Question

How to find SRA sequences of some fungal whole genome sequences if only Biosample ID is available?

0

Entering edit mode

5 months ago

Harshita • 0

I am using some fungal isolates' whole genome sequences to reconstruct phylogeny with my isolates, but I am not able to find some SRA IDs for the isolates already used and published in other works.

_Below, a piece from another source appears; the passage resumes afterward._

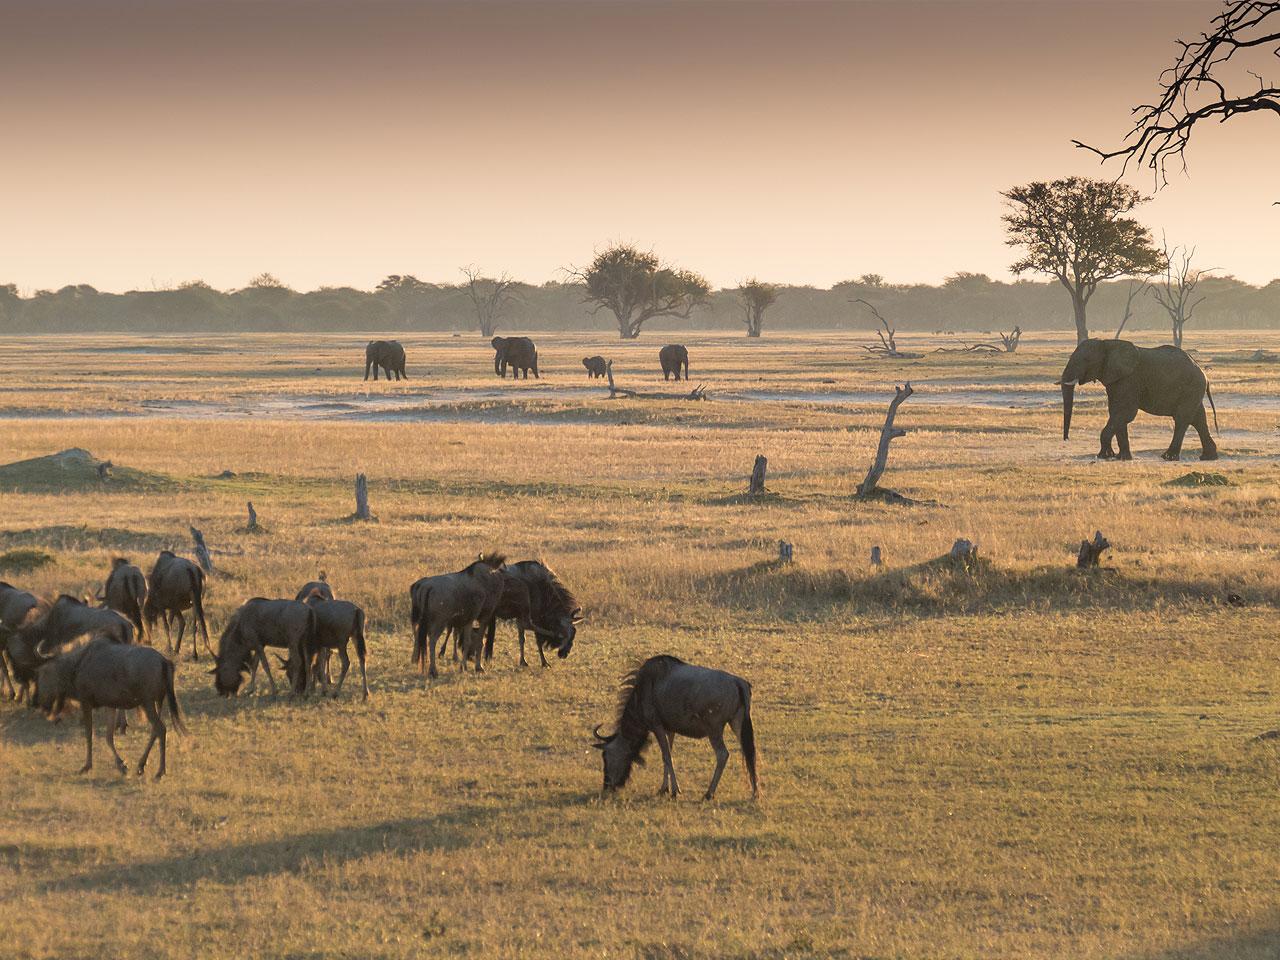 Elephants walking across a grass plain with widebeest grazing.

Is there any way I can know if the name of the submission is probably different from what I see on NCBI when I type, or if there is a way to find the SRA IDs of those sequences?

Refer to some IDs used in this publication: https://journals.asm.org/doi/10.1128/mbio.01219-17

SRA whole-genome-sequencing NCBI • 585 views

ADD COMMENT • link updated 5 months ago by Ram 44k • written 5 months ago by Harshita • 0

score 1 · Answer 1 · 2024-05-20

1

Entering edit mode

5 months ago

GenoMax 147k

Looks like the samples are from this project: https://www.ncbi.nlm.nih.gov/Traces/study/?acc=PRJNA320483&o=acc_s%3Aa

This table has the SRA# you need.

OR

Using EntrezDirect (only one record shown here, there are 45 total) :

$ esearch -db bioproject -query PRJNA320483 | elink -target sra | efetch -format runinfo
Run,ReleaseDate,LoadDate,spots,bases,spots_with_mates,avgLength,size_MB,AssemblyName,download_path,Experiment,LibraryName,LibraryStrategy,LibrarySelection,LibrarySource,LibraryLayout,InsertSize,InsertDev,Platform,Model,SRAStudy,BioProject,Study_Pubmed_id,ProjectID,Sample,BioSample,SampleType,TaxID,ScientificName,SampleName,g1k_pop_code,source,g1k_analysis_group,Subject_ID,Sex,Disease,Tumor,Affection_Status,Analyte_Type,Histological_Type,Body_Site,CenterName,Submission,dbgap_study_accession,Consent,RunHash,ReadHash
SRR14705994,2022-06-30 00:21:00,2021-06-02 01:53:15,23917379,7175213700,23917379,300,2603,,https://sra-downloadb.be-md.ncbi.nlm.nih.gov/sos4/sra-pub-zq-1/SRR014/14705/SRR14705994/SRR14705994.lite.1,SRX11043948,CpJA159_Lib,WGS,RANDOM,GENOMIC,PAIRED,0,0,ILLUMINA,Illumina HiSeq 2000,SRP322222,PRJNA320483,,320483,SRS9112198,SAMN19488802,simple,318829,Pyricularia oryzae,CpJA159,,,,,,,no,,,,,UNIVERSITY OF KENTUCKY,SRA1239061,,public,701E33E57A319359F5465FD8283FA279,D7F5EC84290C2D1B8D4259ED5677314F

ADD COMMENT • link 5 months ago by GenoMax 147k

0

Entering edit mode

Thank you so much for helping me out in this!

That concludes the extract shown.